Re^3: looping efficiency (Benchmark Example)
by eyepopslikeamosquito (Archbishop) on Dec 30, 2020 at 02:48 UTC
|
Don’t Optimize Code -- Benchmark It
-- from Ten Essential Development Practices by Damian Conway
The real problem is that programmers have spent far too much time worrying about efficiency in the wrong places and at the wrong times;
premature optimization is the root of all evil (or at least most of it) in programming
-- Donald Knuth
Without good design, good algorithms, and complete understanding of the
program's operation, your carefully optimized code will amount to one of
mankind's least fruitful creations -- a fast slow program.
-- Michael Abrash
Wow, I assumed they were complaining about clarity rather than efficiency! :)

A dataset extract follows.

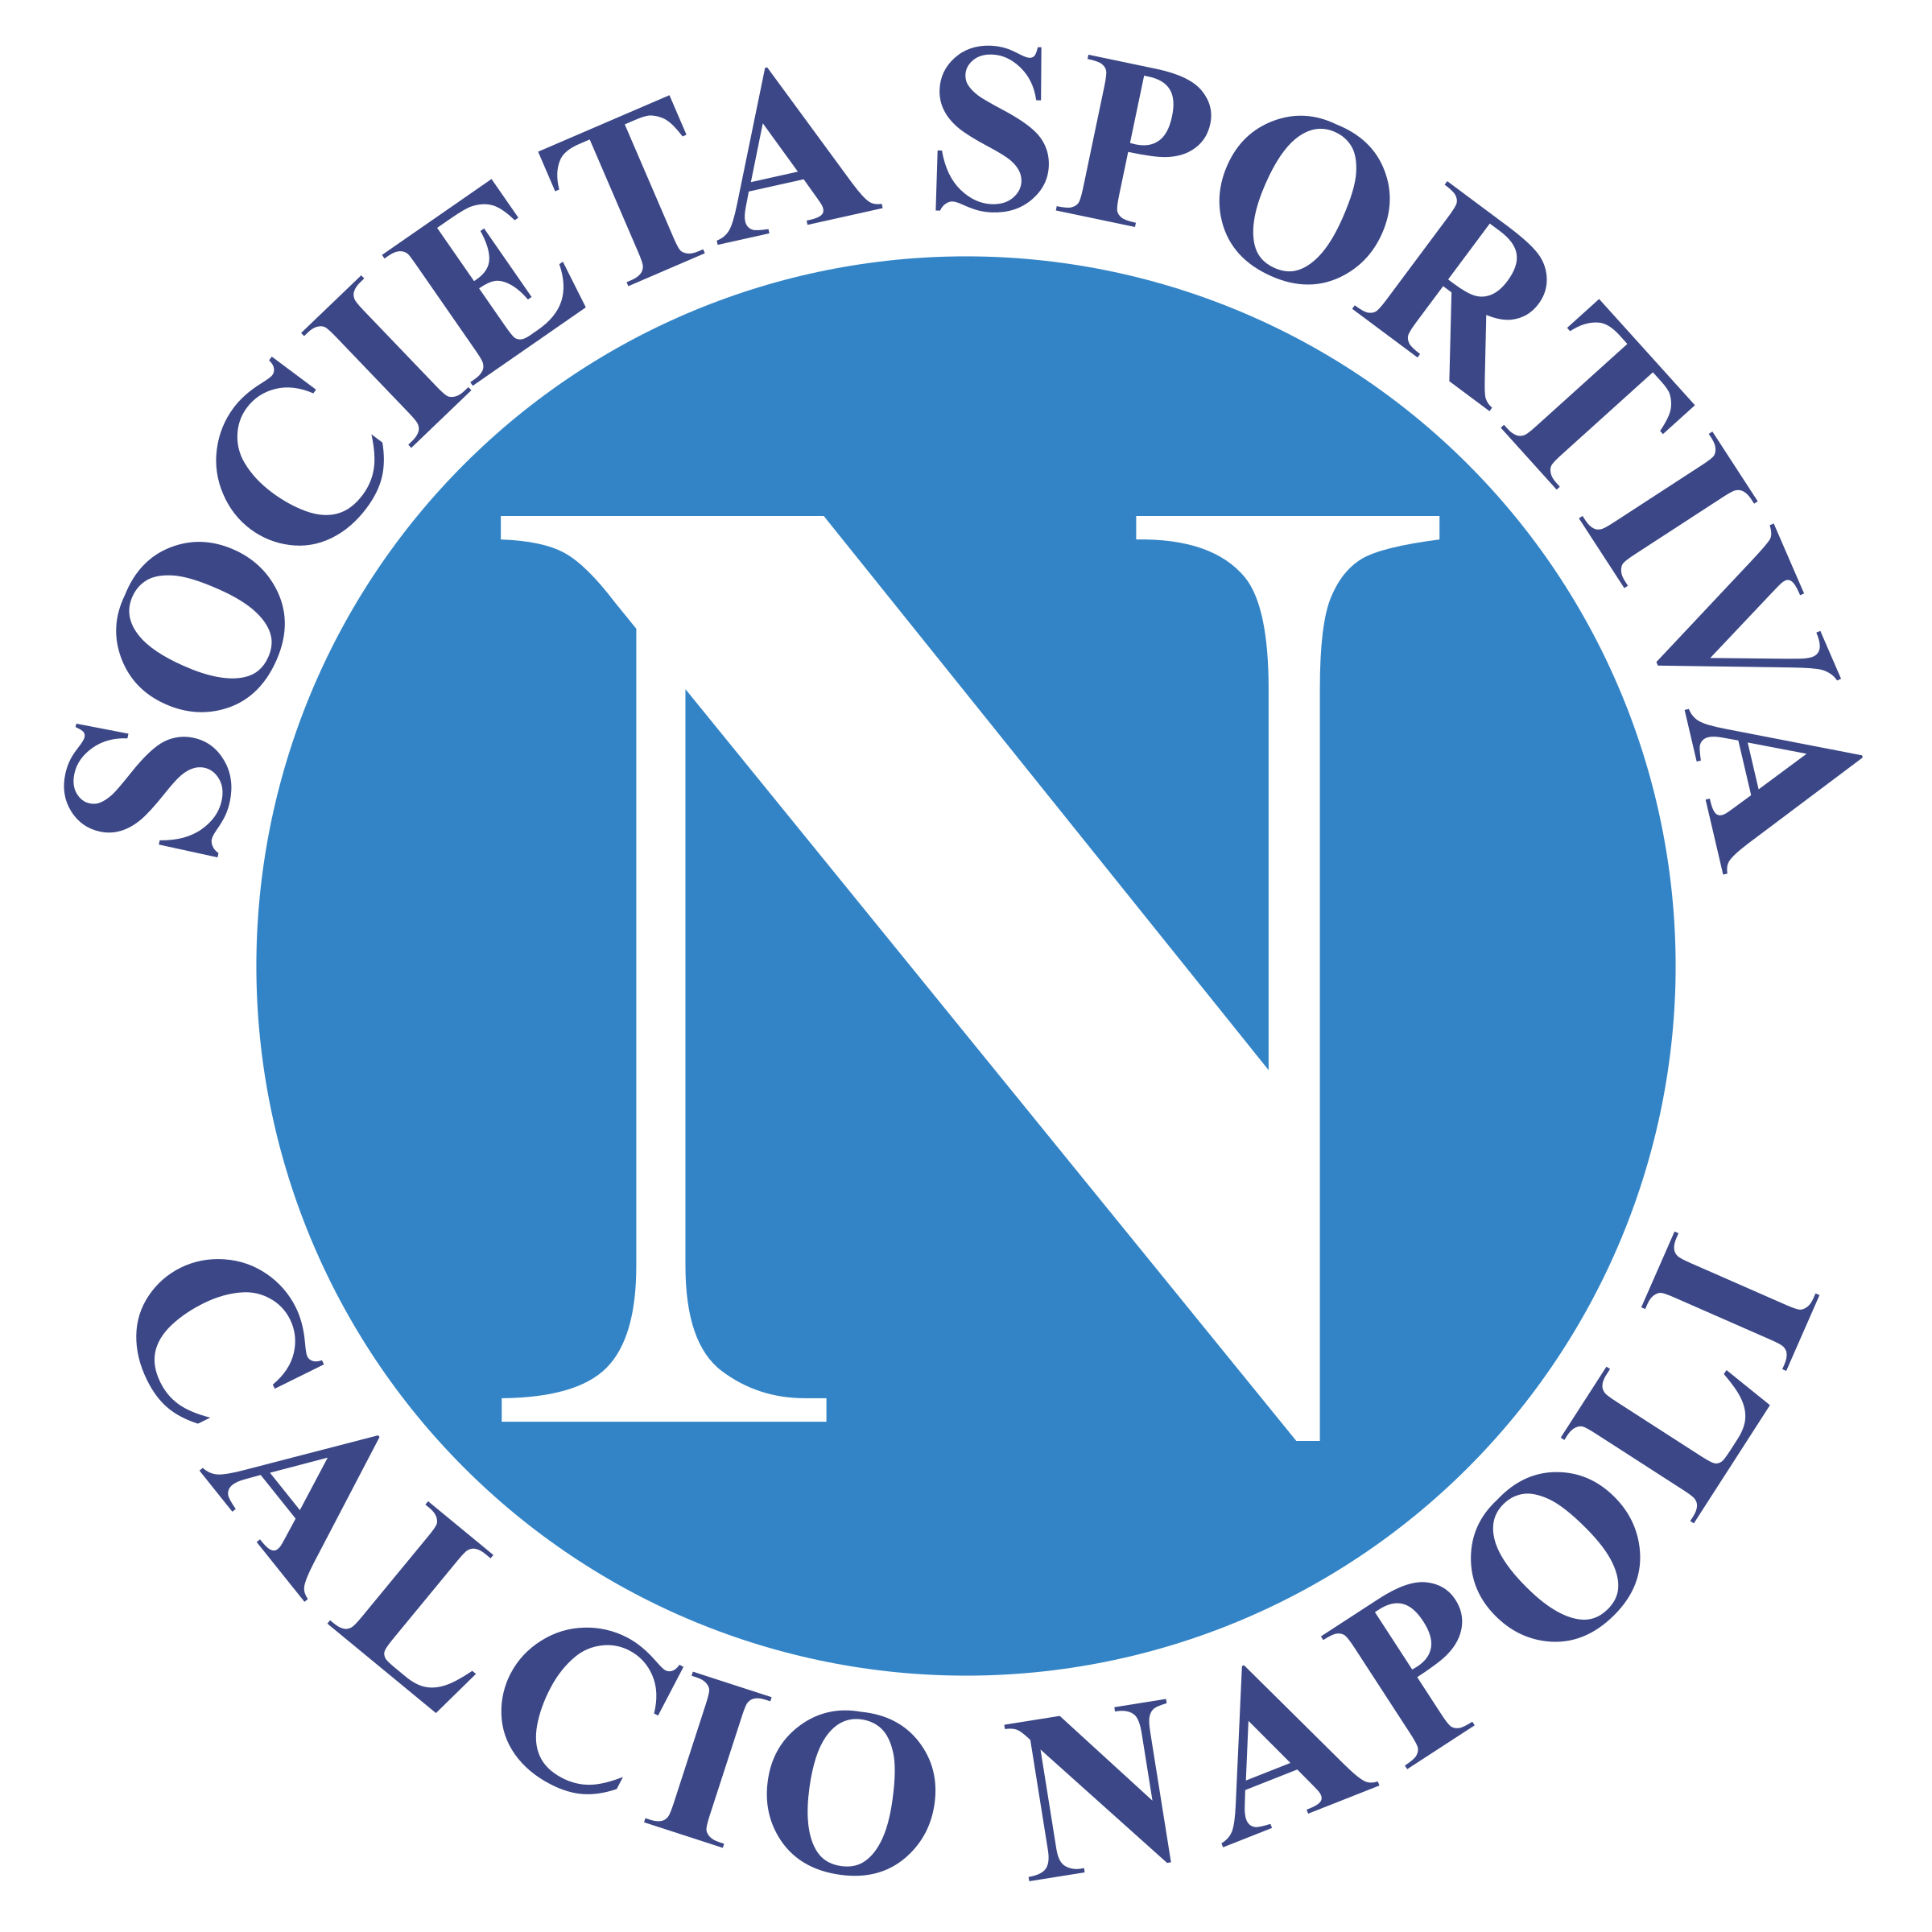 Napoli Logo PNG Transparent & SVG Vector.

For cheap thrills, assuming all you need are the file names 0000 .. 9999 in order,
I benchmarked the three offered solutions as shown below.
use strict;
use warnings;
use Benchmark qw(timethese);
sub orig {
for my $i ( 0 .. 9 ) {
for my $j ( 0 .. 9 ) {
for my $k ( 0 .. 9 ) {
for my $l ( 0 .. 9 ) {
my $filename = "$i$j$k$l";
}
}
}
}
}
sub yourmum {
for ( 0 .. 9999 ) {
my $filename = sprintf "%04d", $_;
}
}
sub marshall {
for ('0000' ... '9999') {
my $filename = $_;
}
}
orig();
yourmum();
marshall();
timethese 50000, {
Orig => sub { orig() },
YourMum => sub { yourmum() },
Marshall => sub { marshall() },
};
On my machine, the results were:
Benchmark: timing 50000 iterations of Marshall, Orig, YourMum...

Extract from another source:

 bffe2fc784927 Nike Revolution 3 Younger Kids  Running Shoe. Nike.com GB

Marshall: 25 wallclock secs (25.16 usr + 0.00 sys = 25.16 CPU) @ 19
+87.52/s (n=50000)
Orig: 39 wallclock secs (38.83 usr + 0.00 sys = 38.83 CPU) @ 12
+87.73/s (n=50000)
YourMum: 40 wallclock secs (40.08 usr + 0.00 sys = 40.08 CPU) @ 12
+47.57/s (n=50000)
If all you need are the file names (not the individual digits), it's no surprise that
Marshall's suggestion was the fastest. I also think it is the simplest and clearest
if all you need are the file names.
Update: see also perlperf - Perl Performance and Optimization Techniques. Added this node to Performance References.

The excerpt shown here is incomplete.